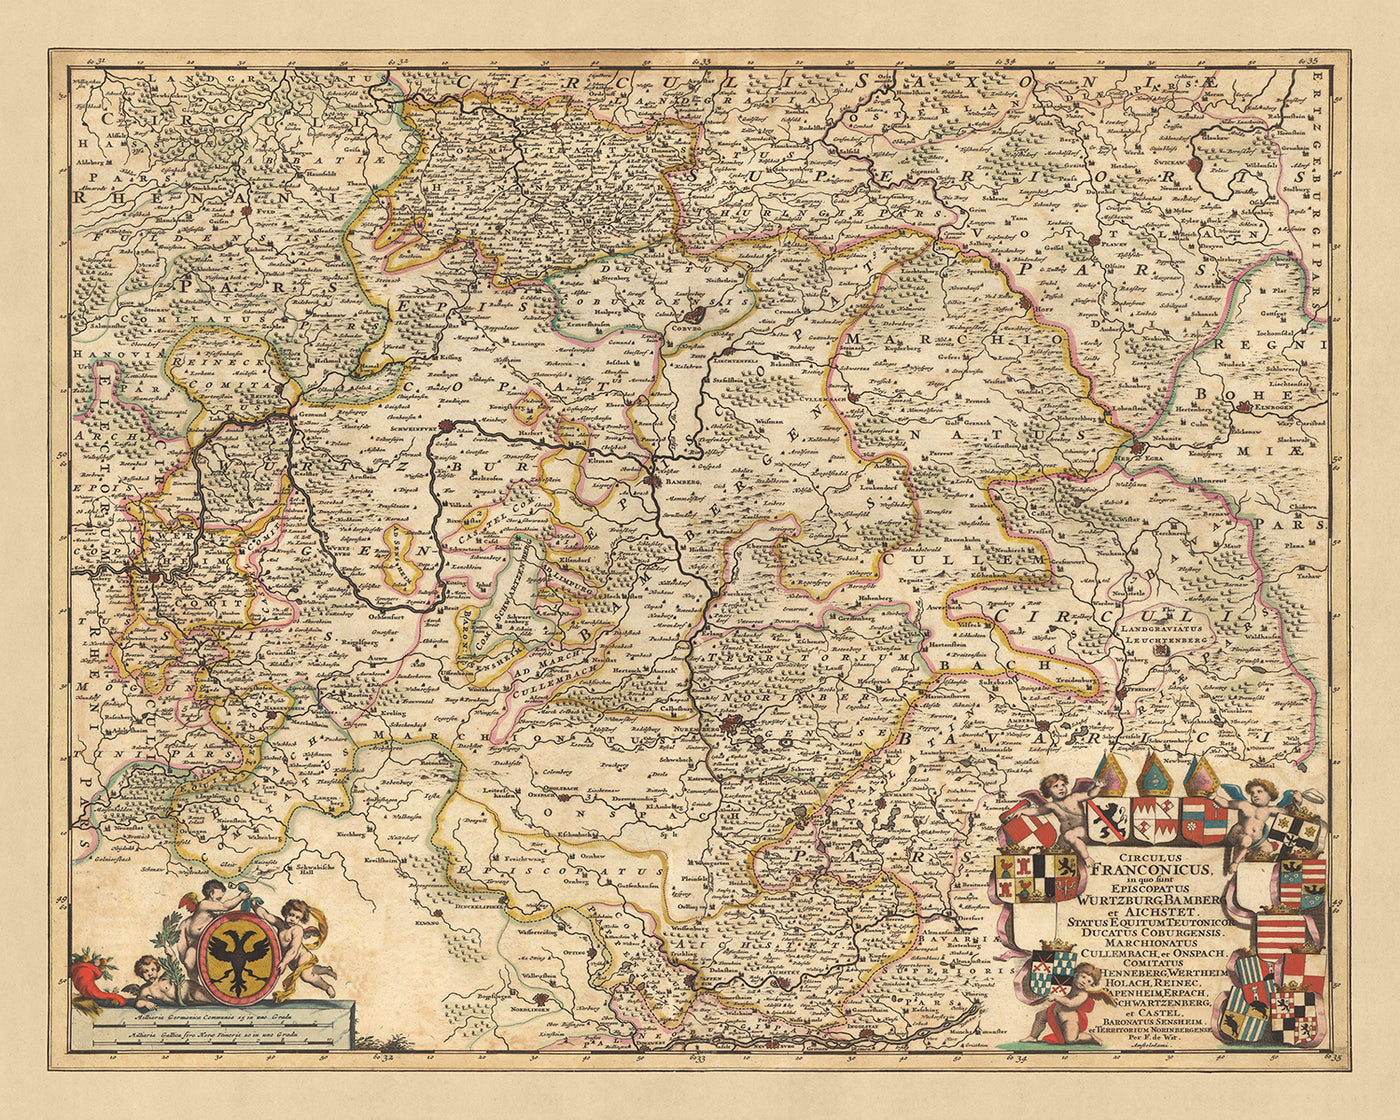 Ancienne carte du cercle franconien par Nicolaes Visscher II, 1690 : Nuremberg, Ingolstadt, Würzburg, Zwickaw, forêt de Slavkov
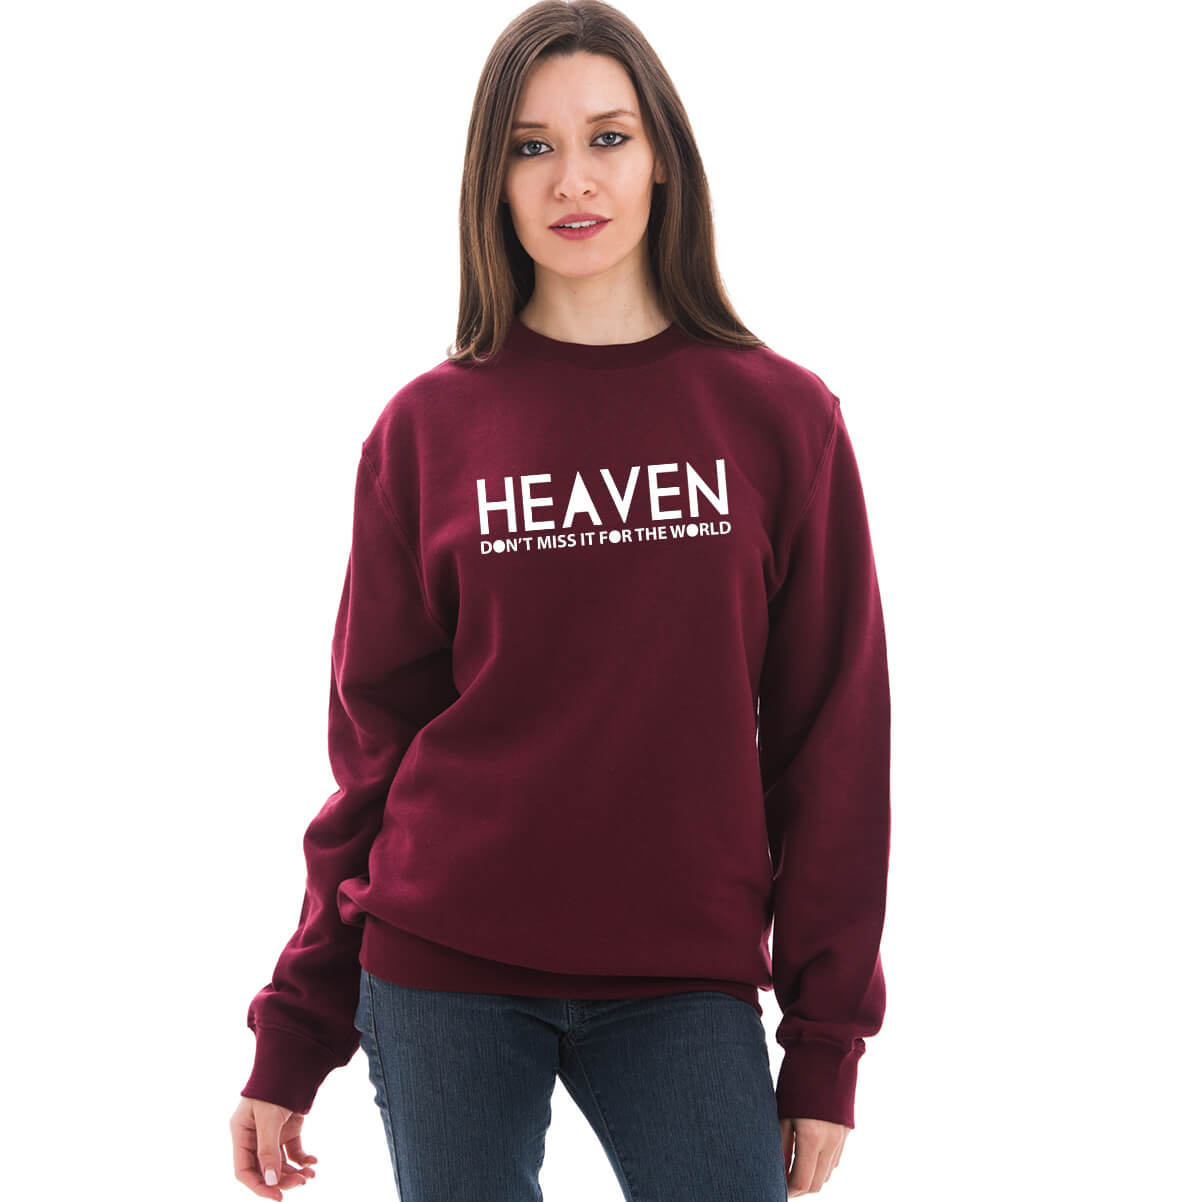 Heaven, Don't Miss It For The World Crewneck Sweatshirt
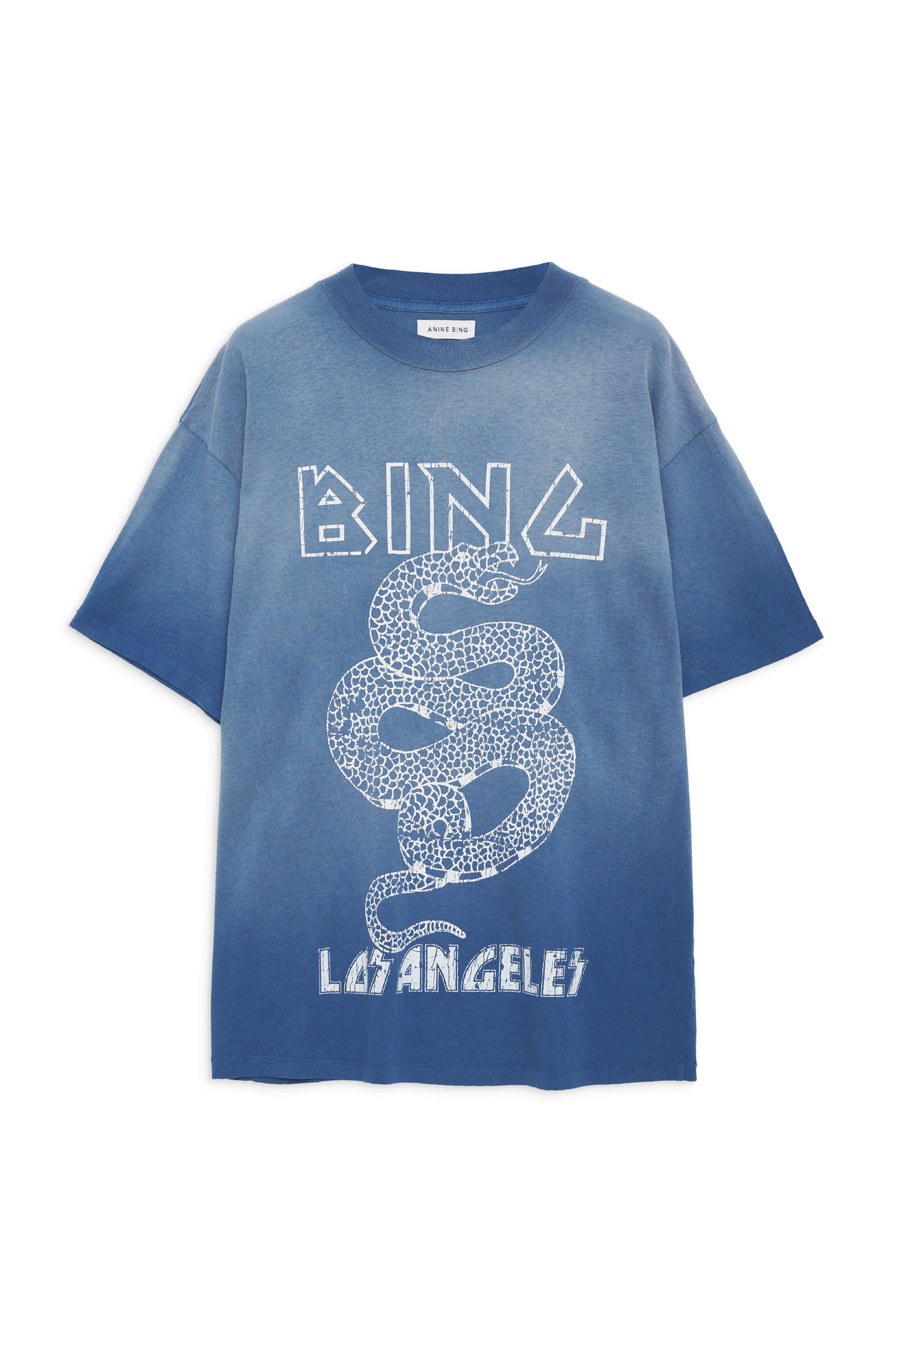 Anine Bing - Ashton Tee Snake in Washed Electric Blue

### Activity
The task requires the full listing to be given again verbatim, without its pictures.

### Answer below
 Ancienne carte du cercle franconien par Nicolaes Visscher II, 1690 : Nuremberg, Ingolstadt, Würzburg, Zwickaw, forêt de Slavkov
 Heaven, Don't Miss It For The World Crewneck Sweatshirt
 Anine Bing - Ashton Tee Snake in Washed Electric Blue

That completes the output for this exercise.